A series of 30 non-covalent imidazo[1,2-a]quinoxaline-based inhibitors of epidermal growth factor receptor (EGFR) were designed and synthesized. EGFR inhibitory assessment (against wild type) data of compounds revealed 6b, 7h, 7j, 9a and 9c as potent EGFR(WT) inhibitors with IC50 values of 211.22, 222.21, 193.18, 223.32 and 221.53 nM, respectively, which were comparable to erlotinib (221.03 nM), a positive control. Furthermore, compounds exhibited excellent antiproliferative activity when tested against cancer cell lines harboring EGFR(WT); A549, a non-small cell lung cancer (NSCLC), HCT-116 (colon), MDA-MB-231 (breast) and gefitinib-resistant NSCLC cell line H1975 harboring EGFR(L858R/T790M). In particular, compound 6b demonstrated significant inhibitory potential against gefitinib-resistant H1975 cells (IC50 = 3.65 mu M) as compared to gefitinib (IC50 > 20 mu M). Moreover, molecular docking disclosed the binding mode of the 6b to the domain of EGFR (wild type and mutant type), indicating the basis of inhibition.
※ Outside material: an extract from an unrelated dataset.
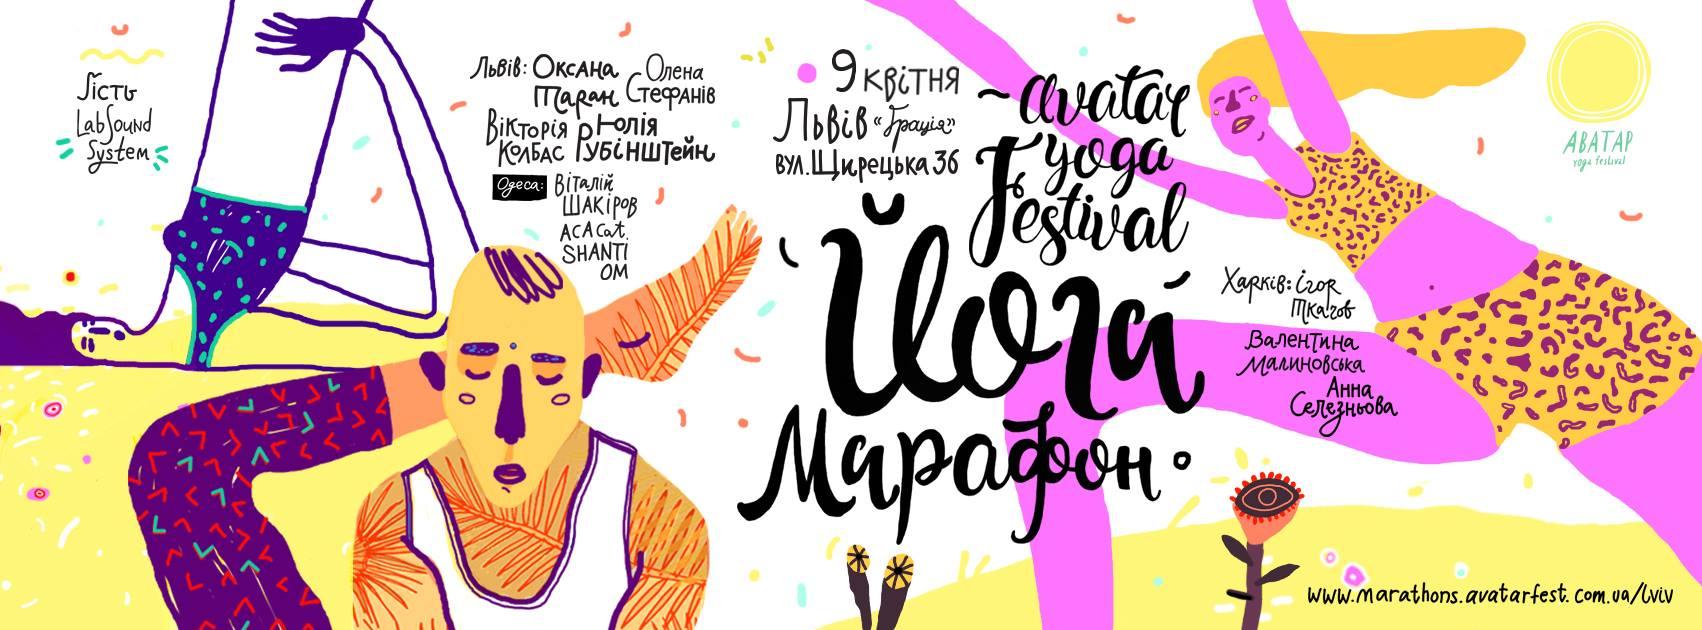 Йога-марафон от Avatar Yoga Festival во Львове

Furthermore, its effects on redox modulation, mitochondrial membrane potential, cell cycle analysis and cell death mode in A549 lung cancer cells were also reported.
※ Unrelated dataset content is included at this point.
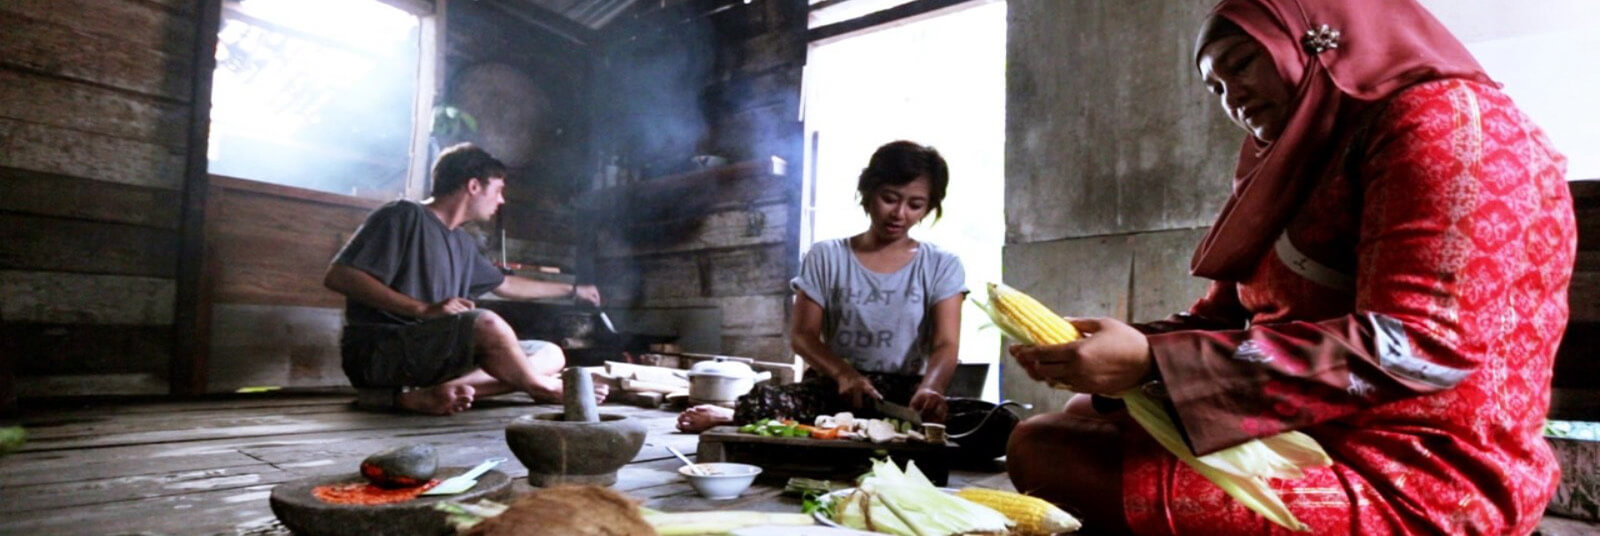 Cooking in Siak, Sumatra, Indonesia

Formula: C9H10O3. Welcome to talk about 120-14-9, If you have any questions, you can contact Kumar, M; Joshi, G; Arora, S; Singh, T; Biswas, S; Sharma, N; Bhat, ZR; Tikoo, K; Singh, S; Kumar, R or send Email.

Reference:
Indole alkaloid derivatives as building blocks of natural products from Bacillus thuringiensis and Bacillus velezensis and their antibacterial and antifungal activity study,
,Preparation of Indole Containing Building Blocks for the Regiospecific Construction of Indole Appended Pyrazoles and Pyrroles

COA of Formula: C9H10O3. Authors Holota, S; Komykhov, S; Sysak, S; Gzella, A; Cherkas, A; Lesyk, R in MDPI published article about in [Holota, Serhii; Sysak, Stepan; Lesyk, Roman] Danylo Halytsky Lviv Natl Med Univ, Dept Pharmaceut Organ & Bioorgan Chem, Pekarska 69, UA-79010 Lvov, Ukraine; [Holota, Serhii] Lesya Ukrainka Volyn Natl Univ, Dept Organ Chem & Pharm, Volya Ave 13, UA-43025 Lutsk, Ukraine; [Komykhov, Sergiy] Natl Acad Sci Ukraine, Inst Single Crystals, State Sci Inst, Nauky Ave 60, UA-61072 Kharkiv, Ukraine; [Komykhov, Sergiy] Kharkov Natl Univ, Appl Chem Dept, Svobody Sq 4, UA-61022 Kharkiv, Ukraine; [Gzella, Andrzej] Poznan Univ Med Sci, Dept Organ Chem, Grunwaldzka 6, PL-60780 Poznan, Poland; [Cherkas, Andriy] Danylo Halytsky Lviv Natl Med Univ, Dept Internal Med 1, Pekarska 69, UA-79010 Lvov, Ukraine; [Lesyk, Roman] Univ Informat Technol & Management Rzeszow, Fac Med, Dept Publ Hlth Dietet & Lifestyle Disorders, Sucharskiego 2, PL-35225 Rzeszow, Poland; [Cherkas, Andriy] Sanofi Aventis Deutschland GmbH, Team Early Projects Type Diabet 1, Therapeut Area Diabet & Cardiovasc Med, Res & Dev, Ind Pk Hochst H831, D-65926 Frankfurt, Germany in 2021.0, Cited 55.0. The Name is 3,4-Dimethoxybenzaldehyde. Through research, I have a further understanding and discovery of 120-14-9

The present paper is devoted to the search for drug-like molecules with anticancer properties using the thiazolo[3,2-b][1,2,4]triazole-6-one scaffold. A series of 24 novel thiazolo-[3,2-b][1,2,4]triazole-6-ones with 5-aryl(heteryl)idene- and 5-aminomethylidene-moieties has been synthesized employing three-component and three-stage synthetic protocols. A mixture of Z/E-isomers was obtained in solution for the synthesized 5-aminomethylidene-thiazolo[3,2-b]-[1,2,4]triazole-6-ones. The compounds have been studied for their antitumor activity in the NCI 60 lines screen. Some compounds present excellent anticancer properties at 10 mu M. Derivatives 2h and 2i were the most active against cancer cell lines without causing toxicity to normal somatic (HEK293) cells. A preliminary SAR study had been performed for the synthesized compounds.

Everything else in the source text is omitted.